The chronology of the recovery of DENV-4 from patients in the region and the phylogenetic analyses suggest that DENV-4 was introduced from Indonesia/Malaysia into the Pacific region, possibly into the Solomon Islands, sometime before 2007. The 3 genotypes of DENV-1 responsible for the earlier outbreak also originated in Southeast Asia (Philippines, Malaysia, Myanmar/Thailand) (2).
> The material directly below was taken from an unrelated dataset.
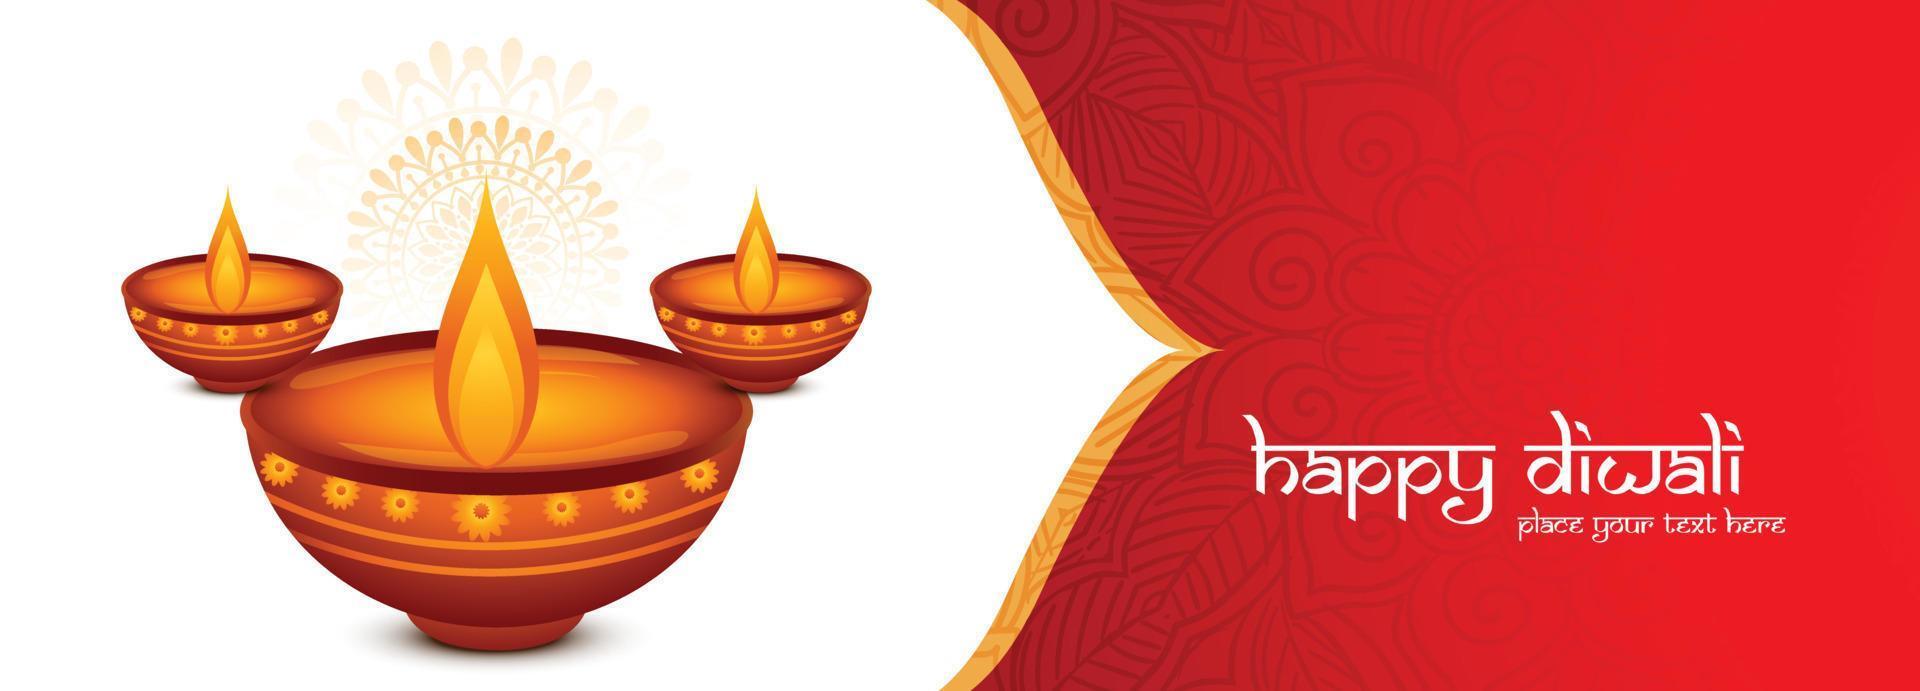 Elegant diwali festival oil lamp celebration banner holiday background vector

The relative genetic homogeneity of the DENV-4 recovered during this most recent outbreak in the Pacific region (24 variable nucleotide sites in the E genes of 20 isolates resulting in 9 variable amino acid sites) suggests introduction of a single genotype rather than introduction of multiple genotypes and to different locations, as was the case with DENV-1 (2). The E proteins of all recent DENV-4 isolates from the Pacific region had isoleucine at position E365 rather than the threonine that was found at this position in earlier DENV-4 isolates. All Pacific region isolates except DENV4 Kiribati08.278 also had isoleucine at E335 rather than valine, which was found at this position in most earlier isolates. These 2 aa changes occurred in a region of domain III of the E protein of flaviviruses rich in epitopes recognized by serum from dengue patients and by neutralizing monoclonal antibodies (4–6); they occurred adjacent to the change at E390 in DENV-2, which was associated with the appearance of dengue hemorrhagic fever in South America (7).

Outbreaks of dengue in the Pacific region are initiated by the introduction of DENV, usually from Southeast Asia, but the populations of most Pacific island nation states are too small to sustain transmission of a single DENV serotype for >4–5 years. The interisland mobility of the human population in this region ensures rapid spread of any newly introduced viruses.

That the spread of dengue virus serotypes through the Pacific should be so synchronized is remarkable. This synchronization may reflect the relatively small populations of most island states (≈250,000 residents), high attack rates, and a high birth rate (≈30% of the population is <14 years of age). If only 1 DENV serotype circulates at any time, and serotype replacement occurs approximately every 5 years, these data suggest that ≈30% (75,000) of 250,000 susceptible hosts are sufficient in these settings to support a serotype replacement and that DENV-3 may reappear in the Pacific island states in ≈2012.

At this stage of study, data are insufficient for drawing conclusions about a role for the amino acid changes at E335 and E365 in the reemergence of DENV-4 in the Pacific region. There may be value in delineating the factors that appear to enable multiple DENV serotypes to circulate in urban areas of more developed Pacific nations (e.g., French Polynesia, New Caledonia, Australia) but that appear to prevent cocirculation of DENV serotypes in nations that are less developed but rapidly becoming urbanized. Such a study, however, would require more robust and comprehensive dengue surveillance programs than exist in many of these nations.